Besides, he added, “almost every single person bought memberships to support me,” with “lots of NDP and Conservative supporters [signing up for Liberal membership to support him] who don’t want to be involved in the Liberal process.”
This kind of politicking does not seem to be what the Liberal Party is hoping for when it lets people like Hawkins canvas other members. As communications manager Duchesneau put it: “People who signed those forms agreed to become member of a national political party, not a member of an aspiring nomination candidate’s campaign.”
“Our goal is not to run our own campaigns; it’s to build support, with members who are committed to the party,” said Kieron Testart, one of the Liberals’ two greenlit nominee candidates in the NWT. He pointed out that if someone withholds completed membership papers, the would-be members (who believed they had signed up) would not be able to participate in the local chapter’s policy discussions and association business.
“As soon as your paperwork’s done, you should be able to participate. When Trudeau came to town, the people I had signed up got invited to a special event with Justin. If we hadn’t plugged them in, but held them on the sidelines until the nomination, they wouldn’t have got that experience.”
“And if their information is already processed we’re not rushing at the eleventh hour to get them through… if we wait ‘til the last minute, we’re scrambling to process them and people might lose the chance to vote [in the nomination meeting].”
Technically, Hawkins wasn’t breaching party policy by not submitting the memberships; there’s simply no way for the party to track who is in possession of downloaded forms, and there are no rules outlining how long someone can hold off submitting forms other people have signed.

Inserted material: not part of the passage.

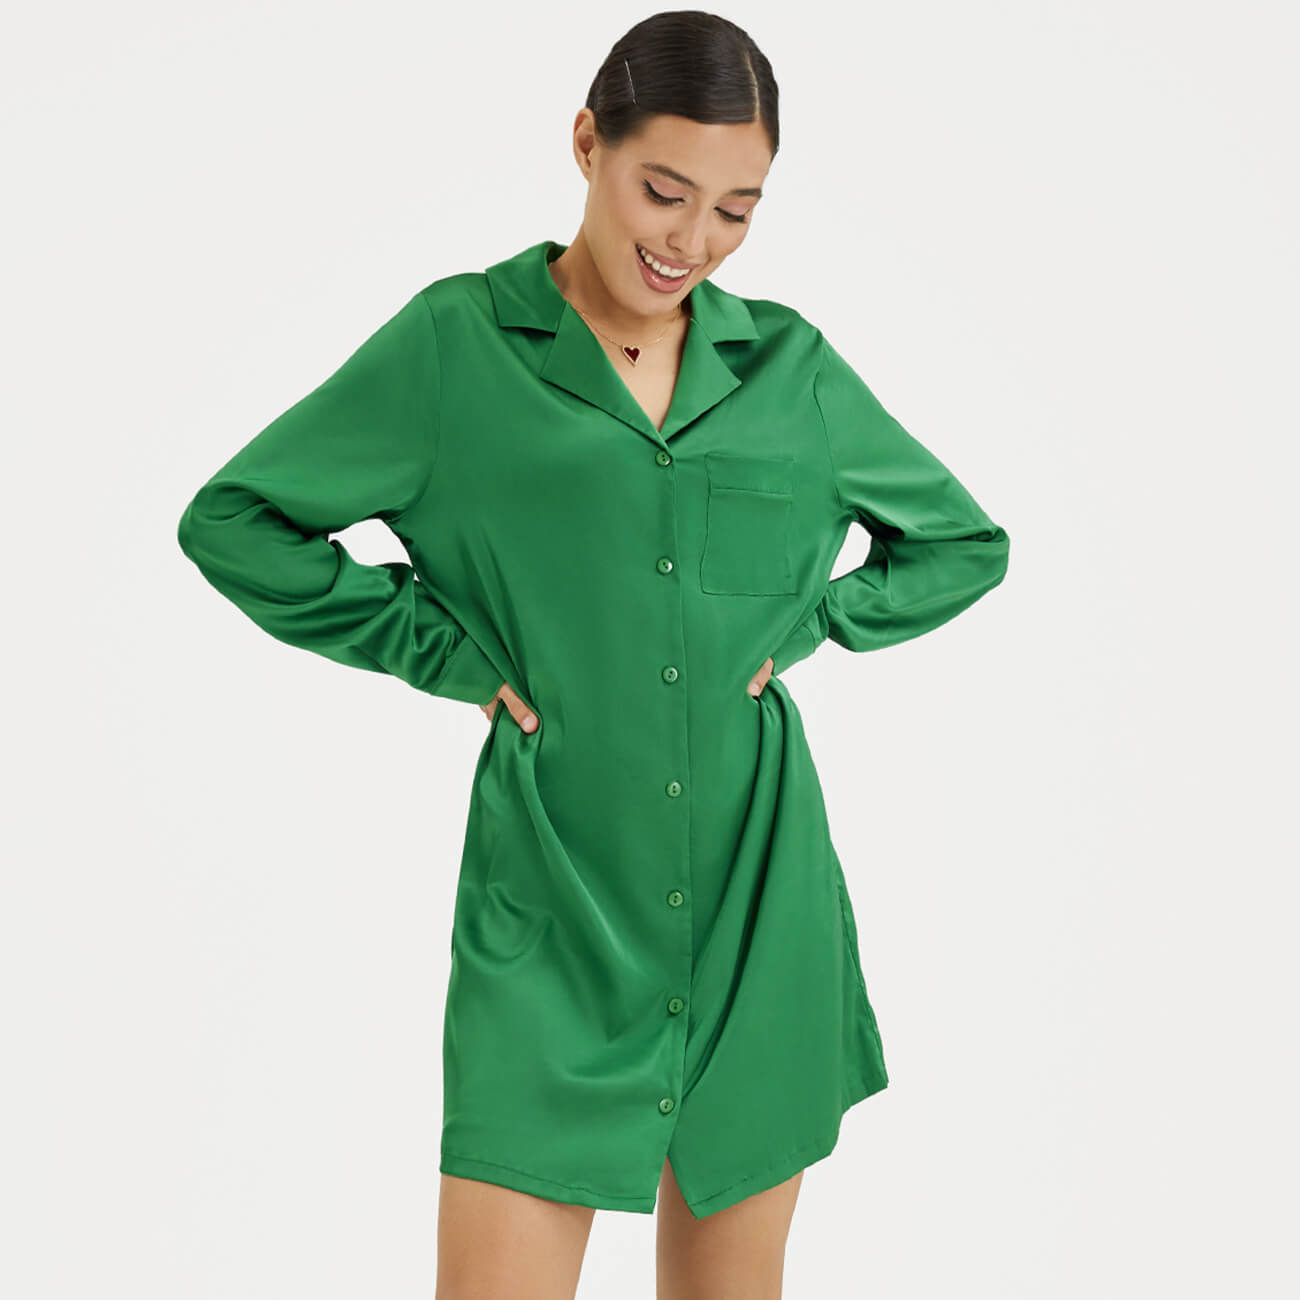 Рубашка женская, р. XL, удлиненная, с длинным рукавом, полиэстер/эластан, зеленая, Madeline рубашка женская р l удлиненная с длинным рукавом полиэстер эластан зеленая madeline

He told us his plan had been to send them in, and claimed he had already sent in a few waves of membership forms. Now, however, he’s says he’s returning the forms and letting people sign up again for the party, if they wish to, on their own.

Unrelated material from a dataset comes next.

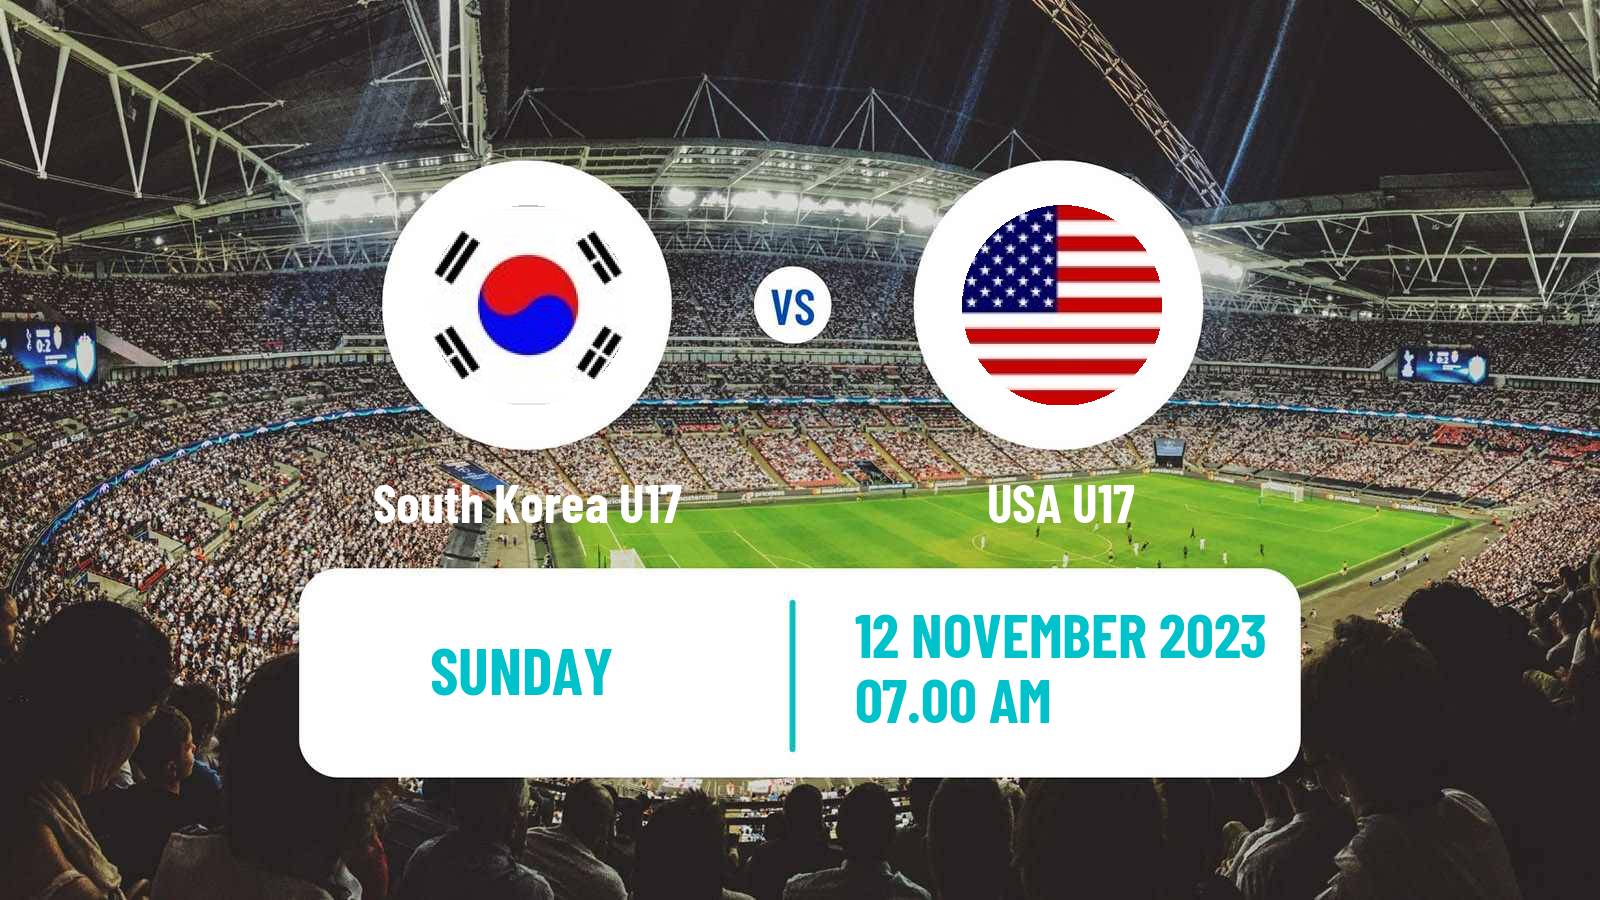 Soccer FIFA World Cup U17 South Korea U17 - USA U17

“Many people from all political stripes eagerly signed up to support my nomination… [and] many have said that they’d go back to supporting their original party. In the end the only advice I’ve offered was, I’ve encouraged folks to support someone they know and trust,” he said.
At this point it’s still unclear why Hawkins withdrew from the race only weeks after he’d told EDGE, “I’m so focused on the nomination and the longer strategy, I don’t put too much energy into thinking about plan B.”
“The situation was becoming very complicated, so my wife and I sat down with our kids and we came up with this decision as a family,” he told EDGE on Wednesday.
He refused to elaborate on what “complicated” meant. What we do know is that two other nominee candidates were greenlit by the party and Hawkins withdrew.
He did, however, say his “impression was the local executive preferred a different candidate… I’ve been in this business long enough to know if people are behind you or not.”